Task prompt — Look for "Reference: AAWC/A00494" in the records below, then copy that line and every line after it, exactly and with nothing added.

Records for this exercise —
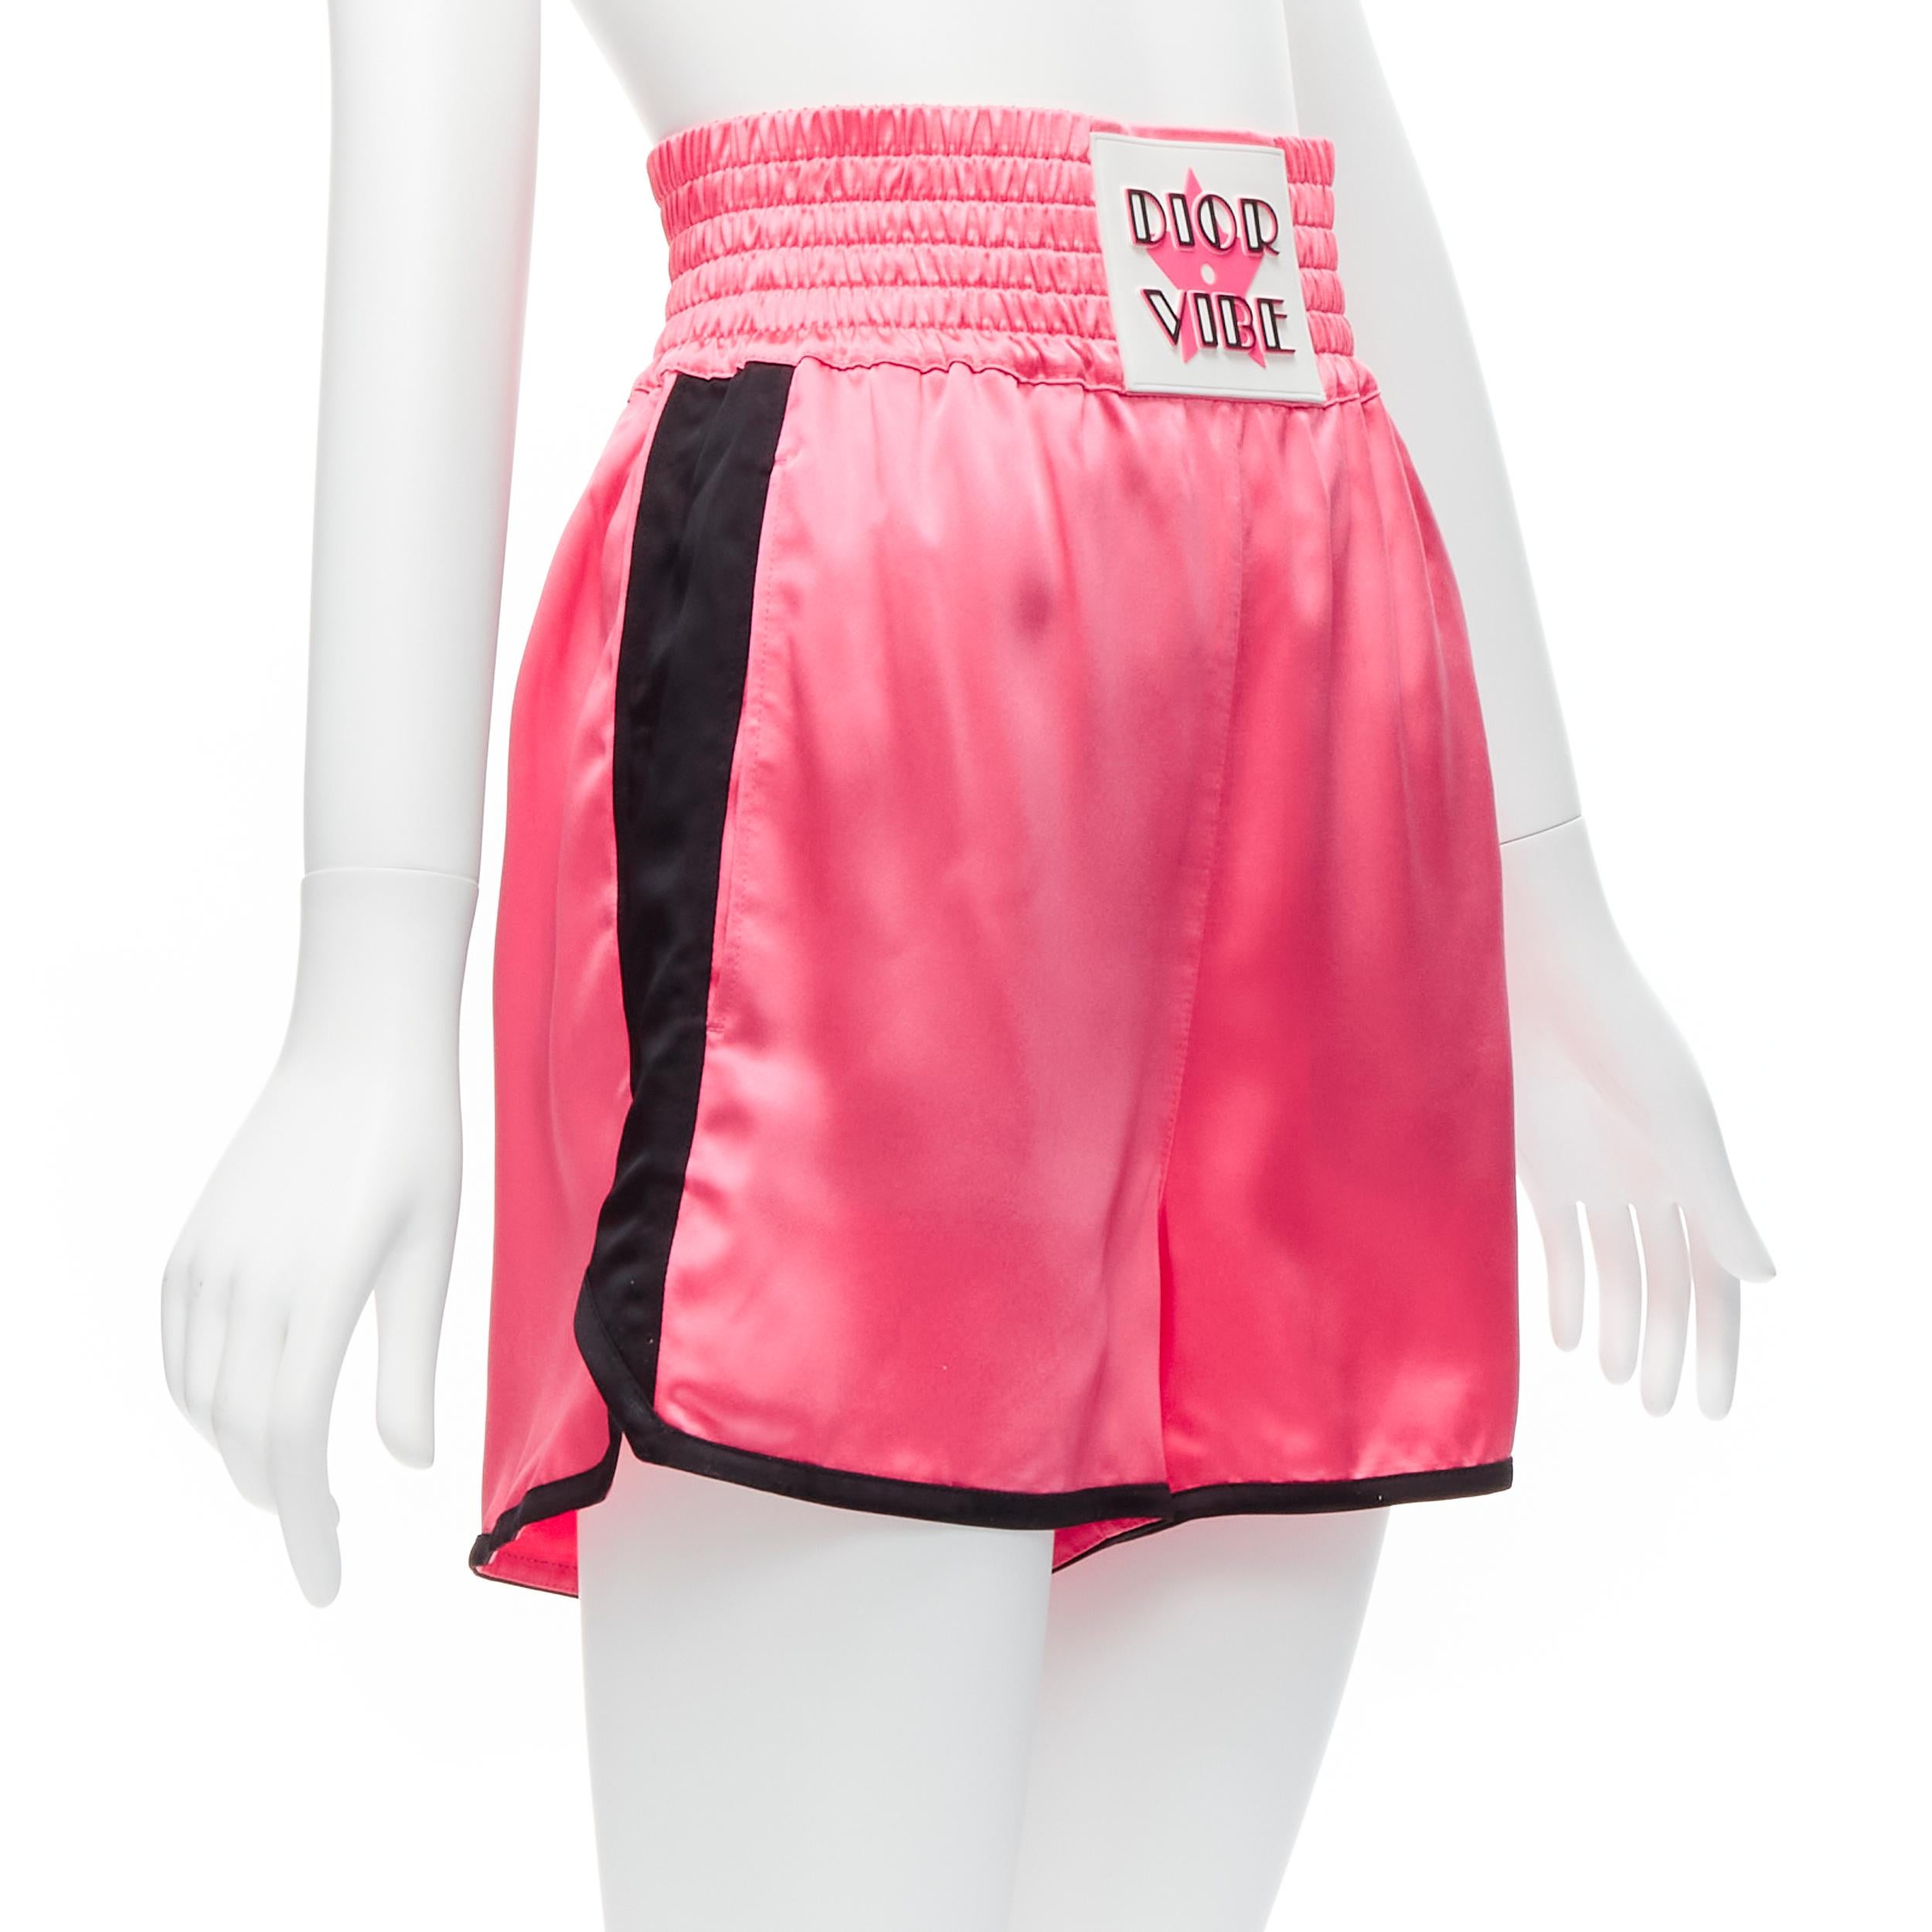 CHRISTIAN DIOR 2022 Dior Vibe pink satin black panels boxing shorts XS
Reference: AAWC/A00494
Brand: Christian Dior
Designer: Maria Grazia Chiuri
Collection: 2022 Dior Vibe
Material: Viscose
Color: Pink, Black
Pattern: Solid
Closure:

Output for this task —
Reference: AAWC/A00494
Brand: Christian Dior
Designer: Maria Grazia Chiuri
Collection: 2022 Dior Vibe
Material: Viscose
Color: Pink, Black
Pattern: Solid
Closure:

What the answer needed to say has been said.